** Task requirements **
Only the lines below starting at the one containing "konferans salonu akustiği" and ending at the one containing "Giám đốc Nhân" belong in the answer, each copied exactly.

[[ Supplied entries, beginning ]]

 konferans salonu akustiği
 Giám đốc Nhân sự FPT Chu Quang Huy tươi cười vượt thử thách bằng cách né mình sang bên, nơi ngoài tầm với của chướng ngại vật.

[[ Supplied entries, end ]]
[[ Supplied entries, beginning ]]

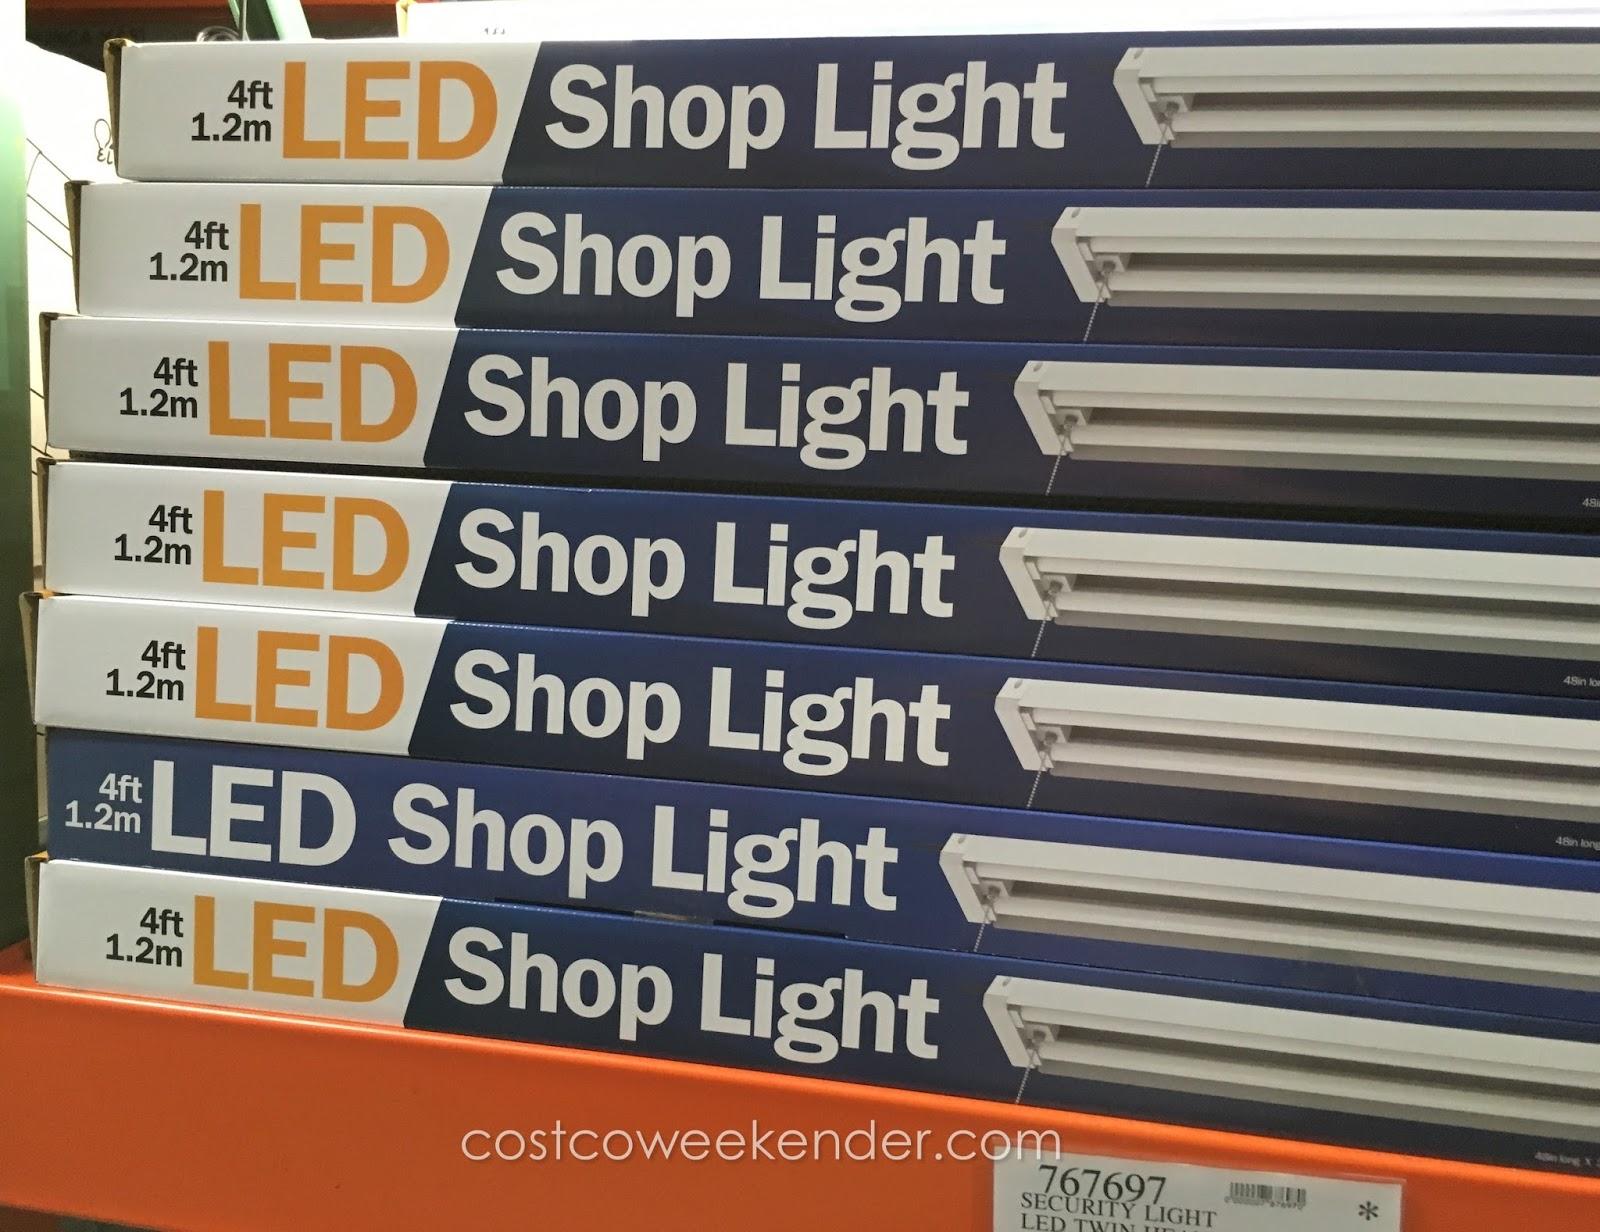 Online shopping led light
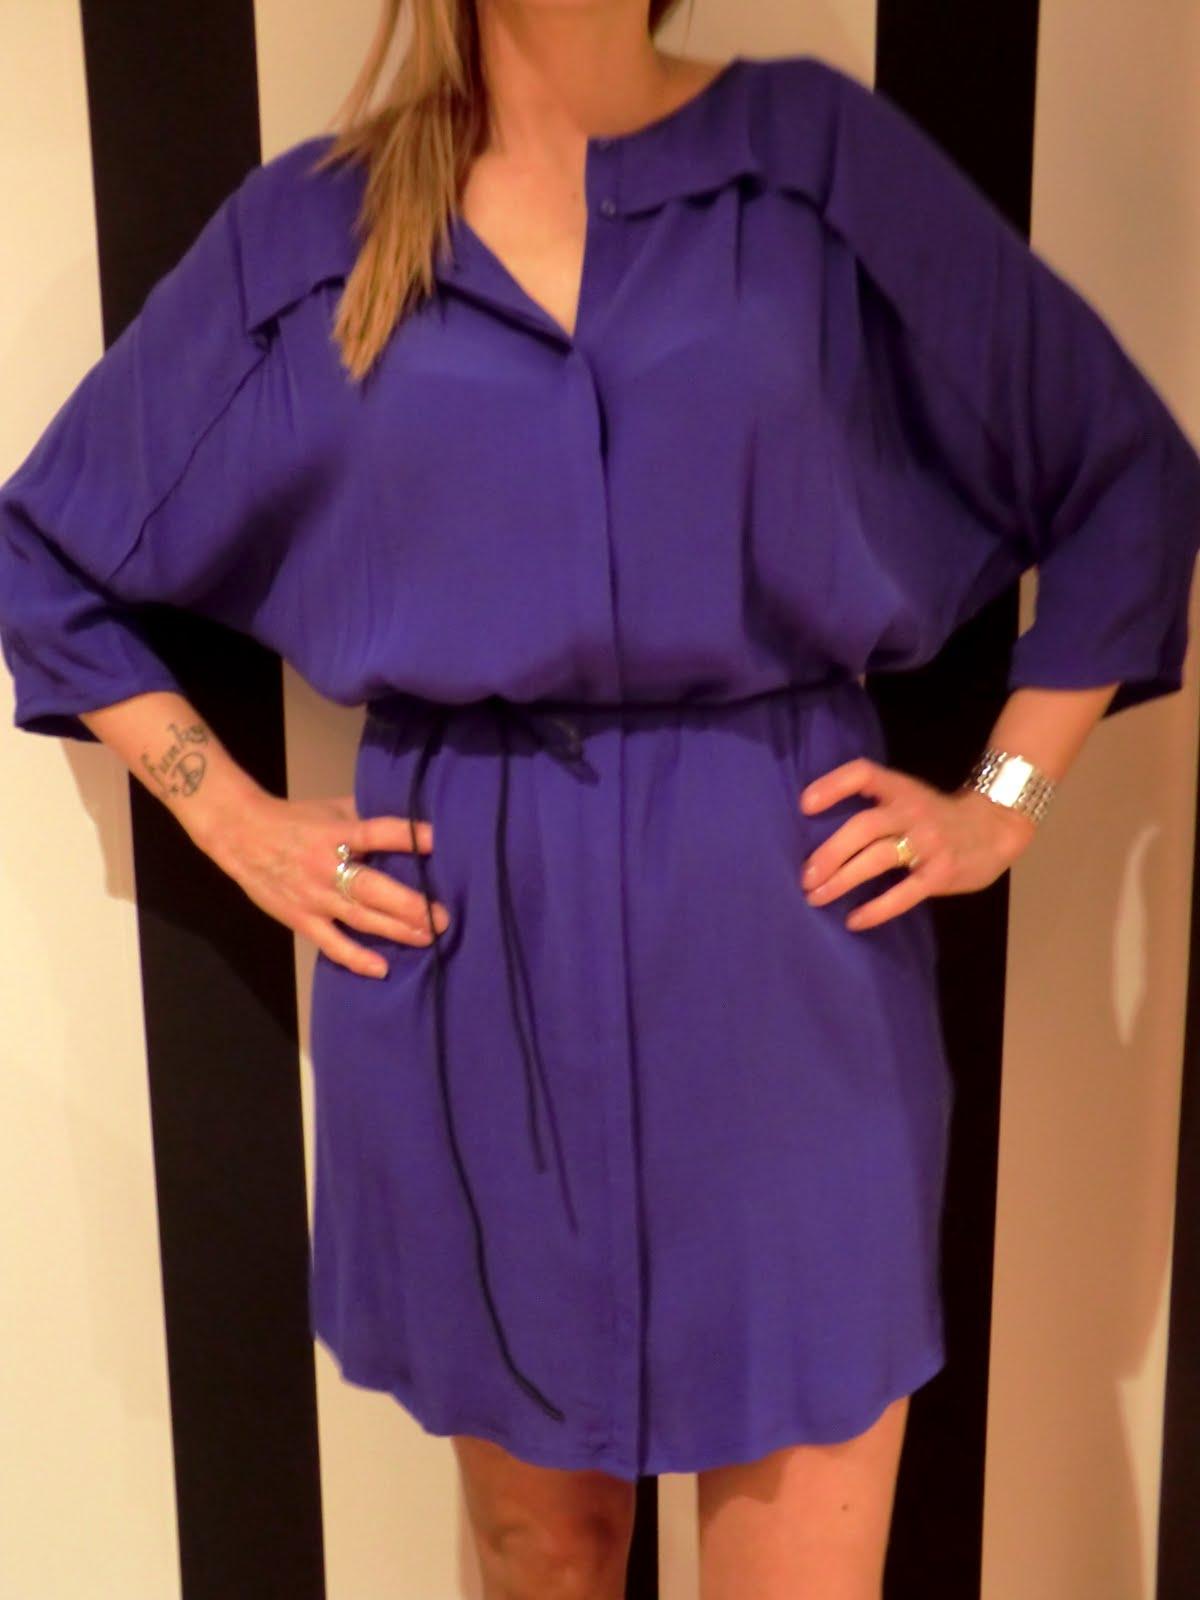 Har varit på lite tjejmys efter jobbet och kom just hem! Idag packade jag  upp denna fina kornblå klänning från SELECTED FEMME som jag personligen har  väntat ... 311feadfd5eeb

[[ Supplied entries, end ]]

** Finished exercise **
 konferans salonu akustiği
 Giám đốc Nhân sự FPT Chu Quang Huy tươi cười vượt thử thách bằng cách né mình sang bên, nơi ngoài tầm với của chướng ngại vật.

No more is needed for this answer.